Following the pattern that I have seen many times over, my next step as a developer is going to be to do what any developer in his right mind would do – instruct the user that ampersands are “bad” and they cannot be used without breaking computers. This may work in many cases and is often accompanied by logic at the UI layer of applications to block these “bad” characters, but sooner or later someone is going to figure out that other applications allow for them and will want the same. This often leads to the creation of “cleaner” functions that perform a replace on the strings for every special character that the person writing the function can think of. The cleaner function will usually grow over time as support requests reveal characters that were missed in the initial cut. Sooner or later you end up writing your own somewhat functional XML engine.
I have never been told by anyone paying me to write code that they would like to buy a somewhat functional XML engine. My employer/customer’s needs have always been for something that may use XML, but ultimately is functionality that drives business value. I’m not going to build an XML engine.
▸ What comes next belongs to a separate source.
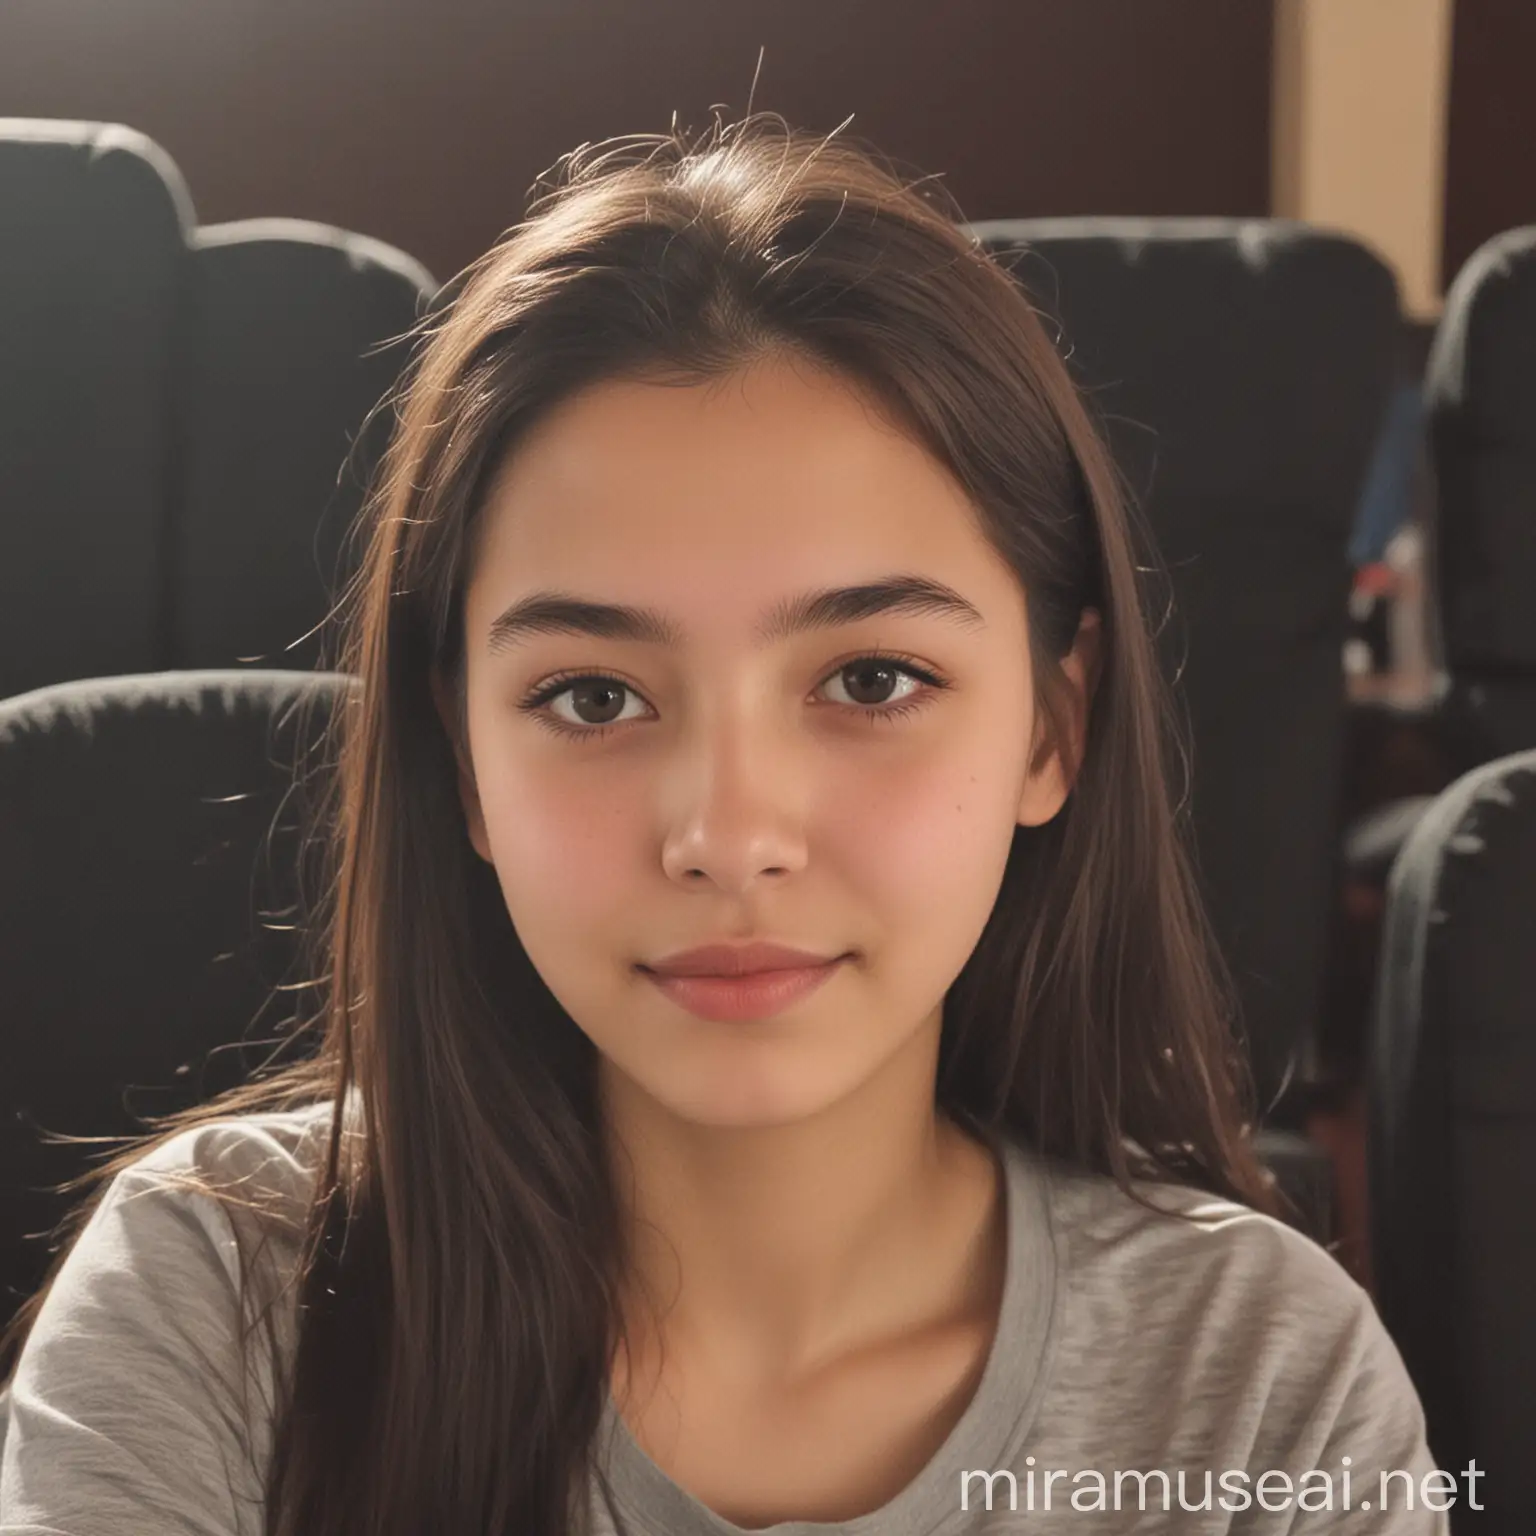 A 17-year-old  girl who  
loves cinema

So how can I generate XML that is always well-formed without writing my own engine? Easy – use one of the ones provided to you for free! If you’re in a shop that still supports VB6 applications, you can use the DomDocument or MXXMLWriter object (of the two I prefer MXXMLWriter, but I’m not going to fully describe either here). For .Net Framework applications prior to the 3.5 framework, the code is a little more verbose than I would like, but easy once you understand what pieces are required:
using (StringWriter sw = new StringWriter())
{
using (XmlTextWriter writer = new XmlTextWriter(sw))
{
writer.WriteStartDocument();
writer.WriteStartElement("Contact");
writer.WriteElementString("BusinessName", contact.BusinessName);
writer.WriteEndElement(); // end Contact element
writer.WriteEndDocument();
writer.Flush();
return sw.ToString();
}
}
Looking at that code, it’s easy to understand why people are drawn to the initial one-liner. Lucky for us, the 3.5 .Net Framework added the System.Xml.Linq.XElement object. This object takes away a lot of the complexity present in the XmlTextWriter approach and allows us to generate the document as follows:
return new XElement("Contact", new XElement("BusinessName", contact.BusinessName)).ToString();
While it is very common for people to use string manipulation to create XML, I’ve discussed here reasons not to use this method and introduced powerful APIs that are built into the .Net Framework as an alternative. I’ve given a very simplistic example here to highlight the most basic XML generation task. For more information on the XmlTextWriter and XElement APIs, check out the MSDN library.